近年、自分自身のアンコンシャス・バイアスを正す目的の研修が日本や海外の企業で行われるようになった。前号で「アンコンシャス・バイアスに先ず気付く事、知ろうとする事が大事である」と述べたが、先ず個人の中のバイアスを知ってそれを取り除く事は極めて重要である。しかし、バイアスは個人の中にのみ有る訳ではない。

 差別には、個人的差別、制度的・構造的差別、文化的差別の3種類が存在する。制度的・構造的差別には企業のポリシーや育児休業の男女不平等、昇進プロセスの不平等等が有る。これらの構造的な問題についても教育する必要が有るし、組織上の問題を改善しない限りは個人のバイアスを取り除いても差別は持続してしまう。

 又、環境という意味では、視覚的なデザインの効果も意外に重要である。ワシントン大学で、「学生がコンピュータサイエンス入門コースに登録したいと希望するかどうか」、及び「期待される成績」に関して調査した研究がある。オンライン上のバーチャル教室のデザインが学生にどの様な心理的影響を与えるか、男女で比較・検証したものだ。バーチャル教室に、いかにもコンピュータ好きの男性をイメージさせる様なSF本、コンピュータ部品、電子機器、ソフトウェア、技術雑誌、ビデオゲーム、コンピュータ本等を配置した場合、女子学生は男子学生程セミナーに登録したいと感じる事が無く、予想される成績も低かった。しかし、その様なステレオタイプを排除してニュートラルなデザインにしたバーチャル教室環境(コンピュータサイエンスに関連しないアイテム、水筒、コーヒーメーカー、アート写真、自然写真、ランプ、ペン、一般雑誌、植物等を配置)では、女子学生は男子学生と同じ位が登録したいという意向を示し、予想される成績も同じレベル迄上昇していた。単純なデザインを変化させる事によって女性の帰属意識を増し、コースに参加したいという気持ちを高める効果をもたらしたのである。

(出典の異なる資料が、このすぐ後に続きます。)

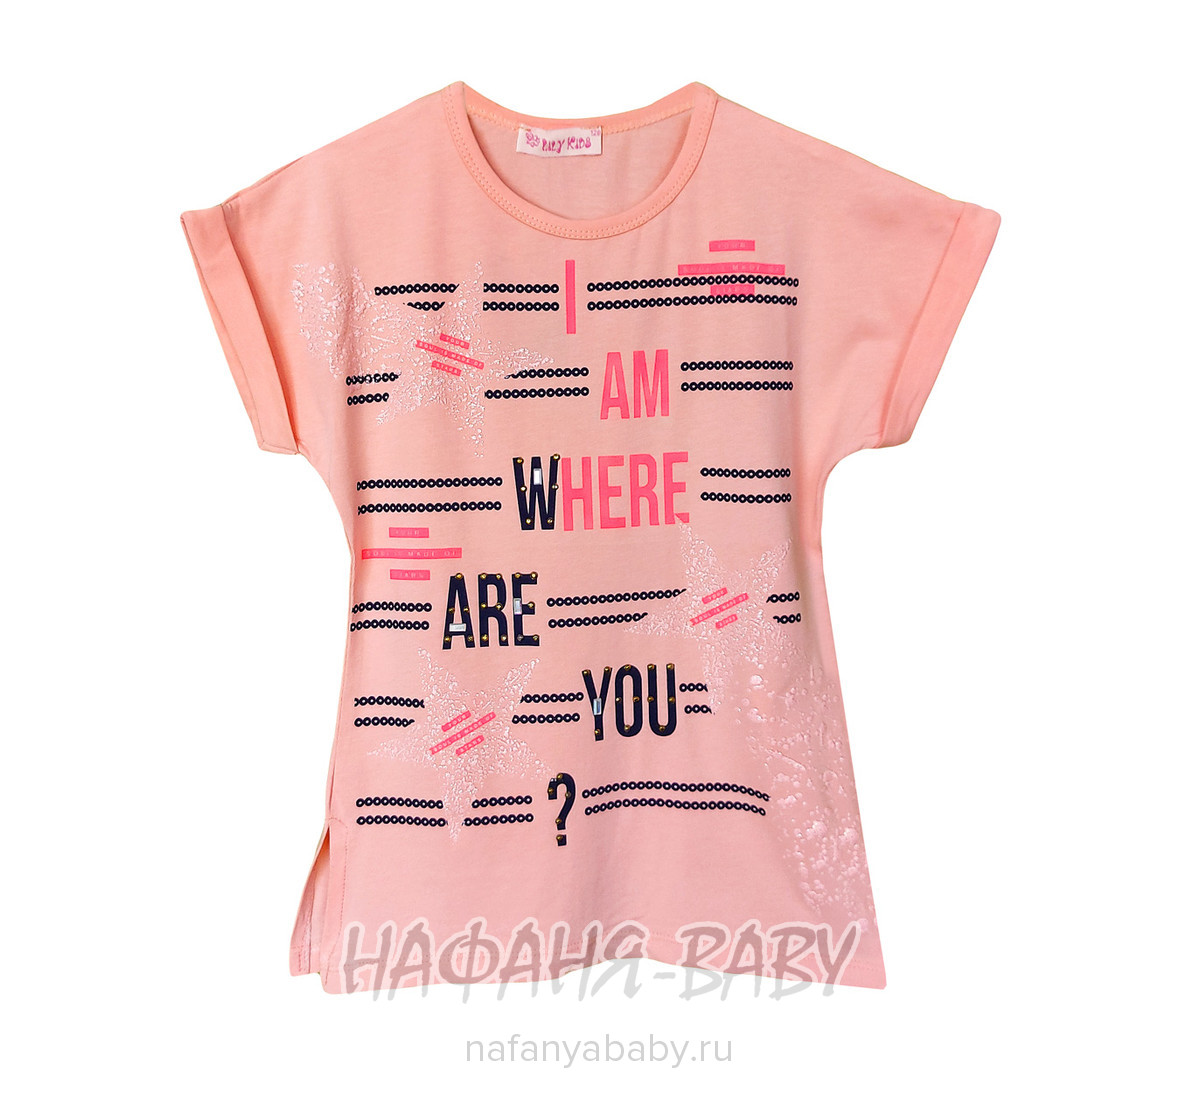 Подростковая  футболка для девочки LILY Kids, купить в интернет магазине Нафаня. арт: 5029.
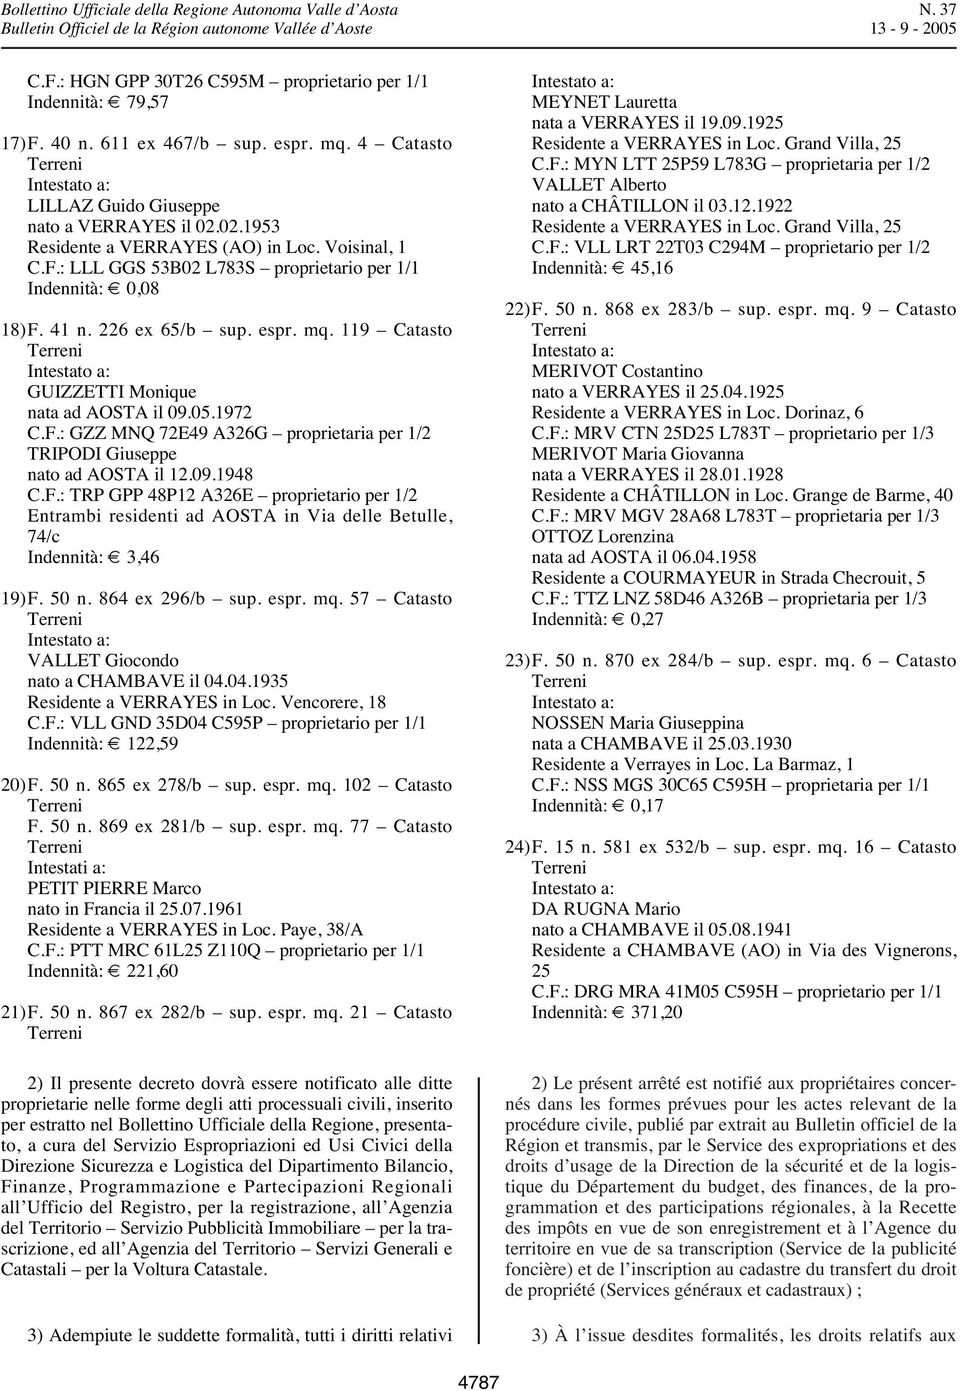 09.1948 C.F.: TRP GPP 48P12 A326E proprietario per 1/2 Entrambi residenti ad AOSTA in Via delle Betulle, 74/c Indennità: 3,46 19)F. 50 n. 864 ex 296/b sup. espr. mq.

 ステレオタイプなデザインは、その分野に入る事を躊躇させ、そこで上手くやっていけない気持ちにさせる可能性が有る。短時間であっても帰属意識の欠如を感じる環境に触れると、個人の能力や才能とは別に、教育の選択、興味、期待に影響を与える。個人の問題のみならず、環境、制度、文化等、多角的にステレオタイプを解決していくべきである。この点に於いて、管理職・指導者のリーダーシップは特に重要だ。